Verabschiedung des ABS-Protokolls bei der zehnten CBD-Vertragsstaatenkonferenz in Nagoya, Japan, 18 – 29 Oktober 2010

Nach sieben Jahren intensivster Verhandlungen hat sich die internationale Staatengemeinschaft auf ein verbindliches internationales Abkommen zur Regelung des Zugangs zu genetischen Ressourcen und des gerechten Vorteilsausgleichs bei der Nutzung dieser Ressourcen (Access and Benefit-sharing – ABS) und verbundenem traditionellen Wissen geeinigt. Am letzten Tag der zehnten Vertragsstaatenkonferenz, die vom 18. bis 29. Oktober 2010 im japanischen Nagoya stattfand, wurde das sogenannte Nagoya ABS-Protokoll verabschiedet.

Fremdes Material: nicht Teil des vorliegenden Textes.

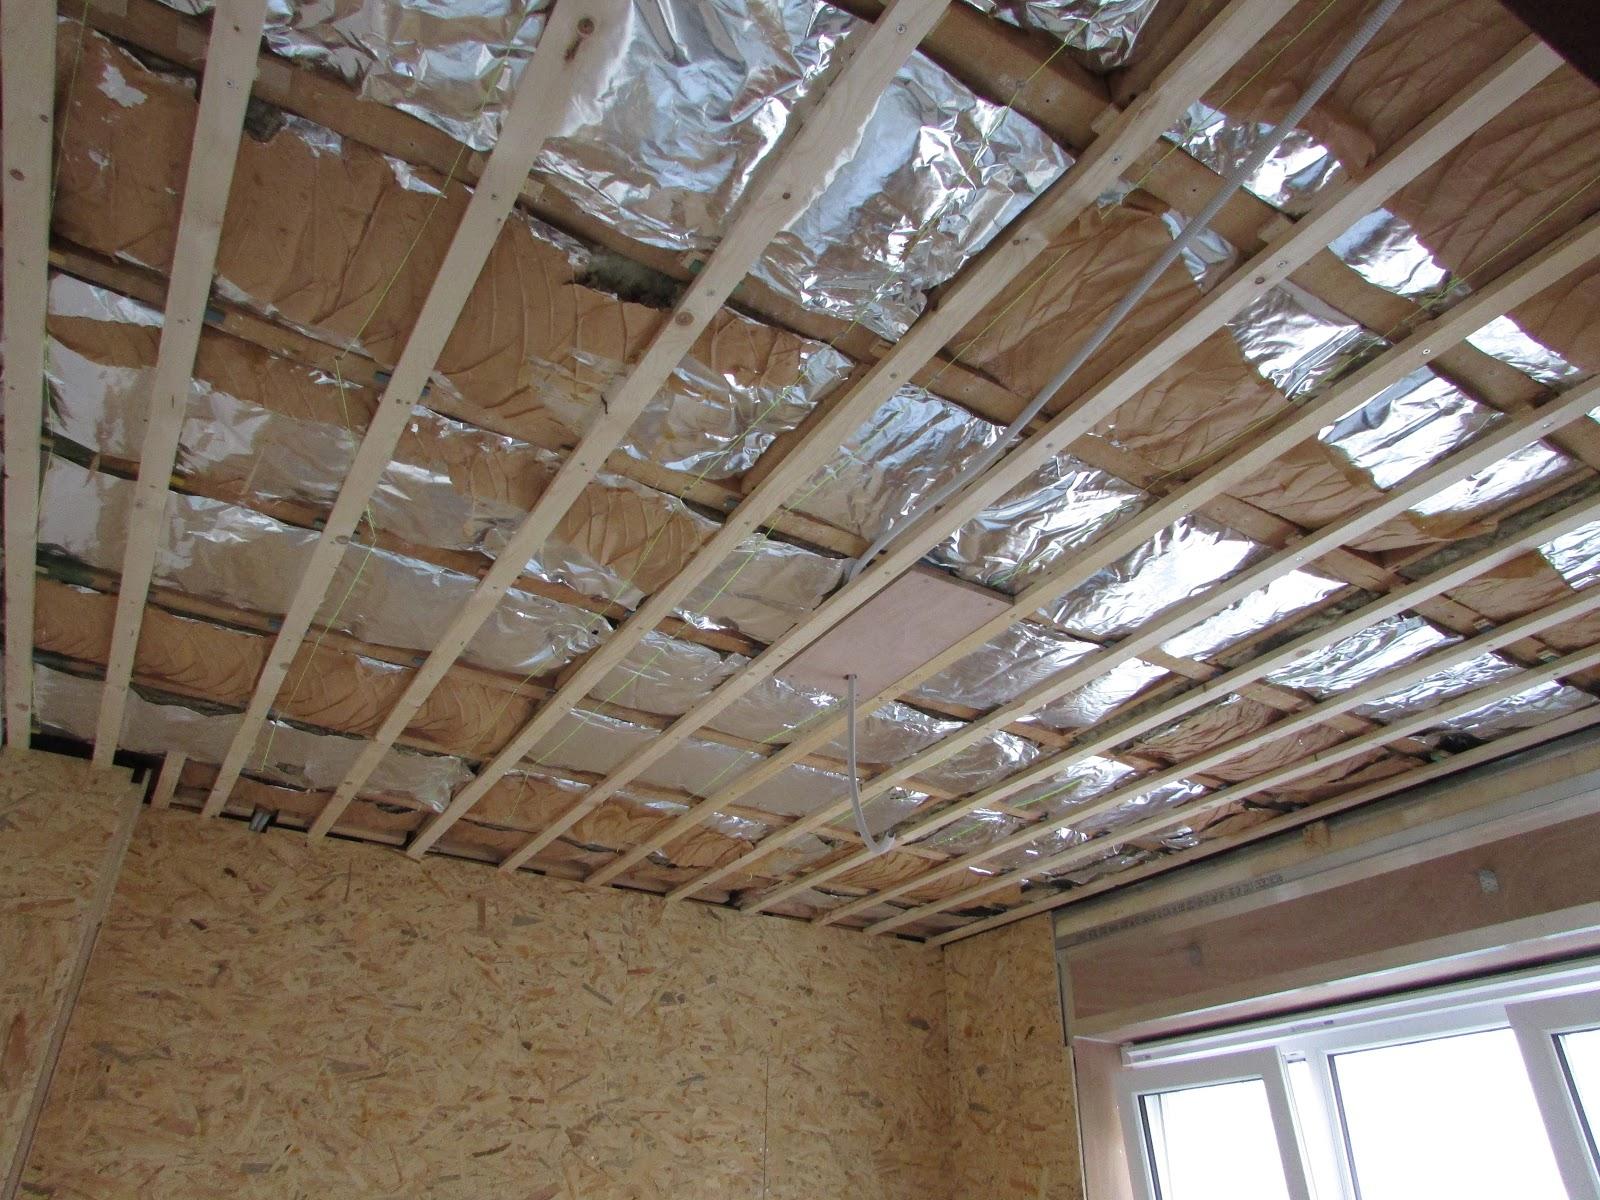 verbouwing van ons ouderlijk huis: plafond slaapkamer 1
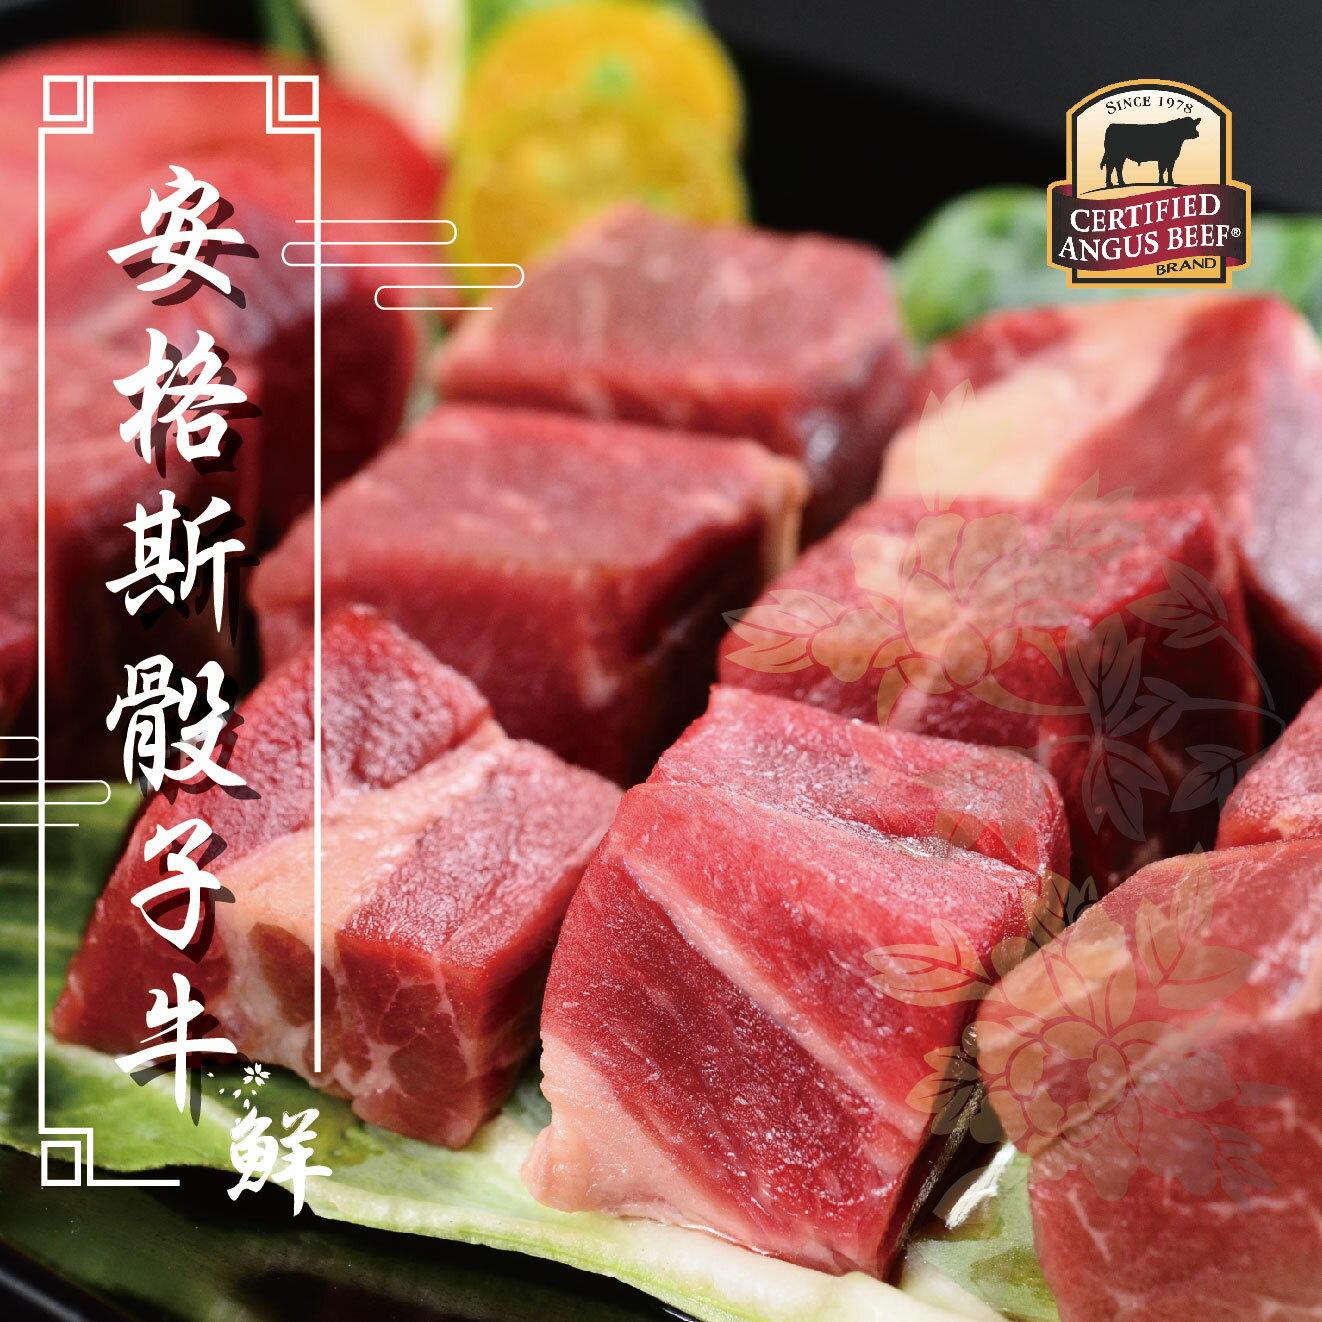 【鮮市集 】美國安格斯PRIME骰子牛肉 250g

Grundlage des Nagoya ABS-Protokolls ist das internationale Übereinkommen über die biologische Vielfalt (Convention on Biological Biodiversity – CBD), das 1992 von 190 Vertragsparteien mit den folgenden drei Zielen verabschiedet wurde: Erhaltung der biologischen Vielfalt, nachhaltige Nutzung ihrer Bestandteile, sowie Sicherstellung einer ausgewogenen und gerechten Beteiligung an den Vorteilen, die sich aus der Nutzung genetischer Ressourcen und verbundenem traditionellen Wissen ergeben. ABS als dritte Säule der CBD beinhaltet das Bestreben, einerseits den Nutzern genetischer Ressourcen einen angemessenen Zugang zu diesen Ressourcen zu gewährleisten, und andererseits die Bereitsteller der genetischer Ressourcen gerecht und ausgewogen an den Vorteilen aus der Nutzung der Resourcen zu beteiligen.

Zur Erleichterung der Implementierung der ABS-Bestimmungen Artikel 15 und 8 (j) CBD hatte die CBD-Vertragsstaatenkonferenz im Jahre 2000 eine Arbeitsgruppe über Zugang und Vorteilsausgleich (Ad-hoc Open Ended Working Group on Access and Benefit-sharing – ABS-Arbeitsgruppe) eingesetzt. Bereits 2002 wurden die „Bonner Leitlinien über den Zugang zu genetischen Ressourcen und die gerechte und ausgewogene Beteiligung an den Vorteilen aus ihrer Nutzung“ von der Vertragsstaatenkonferenz als freiwillige Orientierungshilfe zur Umsetzung der ABS-Bestimmungen der Konvention verabschiedet. Im Jahre 2004 folgte sodann der Aufruf zur Verhandlung eines internationalen ABS-Regimes im Rahmen der CBD. Hierzu wurde die ABS-Arbeitsgruppe mit einem neuen Mandat ausgestattet, das im März 2006 seitens der Vertragsstaatenkonferenz bestätigt und im Mai 2008 verlängert wurde. Zugleich wurde bestimmt, dass die Verhandlungen über das internationale Regime bis zum Jahre 2010 abgeschlossen sein sollten.

Nachdem die ABS-Arbeitsgruppe während ihres neunten Zusammentreffens in Cali, Kolumbien, vom 22. bis 28. März 2010 zwar einen Protokollentwurf als Grundlage für weitere Verhandlungen erarbeiten, diesen während des Treffens jedoch nicht abschließen konnte, wurde der Protokollentwurf im Juli, September und Oktober 2010 weiter verhandelt. Um die Verhandlungen abzuschließen, wurde schließlich während der zehnten CBD-Vertragsstaatenkonferenz eine informelle Konsultationsgruppe (Informal Consultative Group – ICG) eingesetzt. Nachdem auch die ICG nicht in der Lage war, einen fertigen Protokolltext zu erarbeiten, legte Japan als CBD-Präsidentschaft zu den noch strittigen Punkten einen Kompromisstext vor, der am letzten Tag der Konferenz von den Vertragsstaaten auch angenommen wurde.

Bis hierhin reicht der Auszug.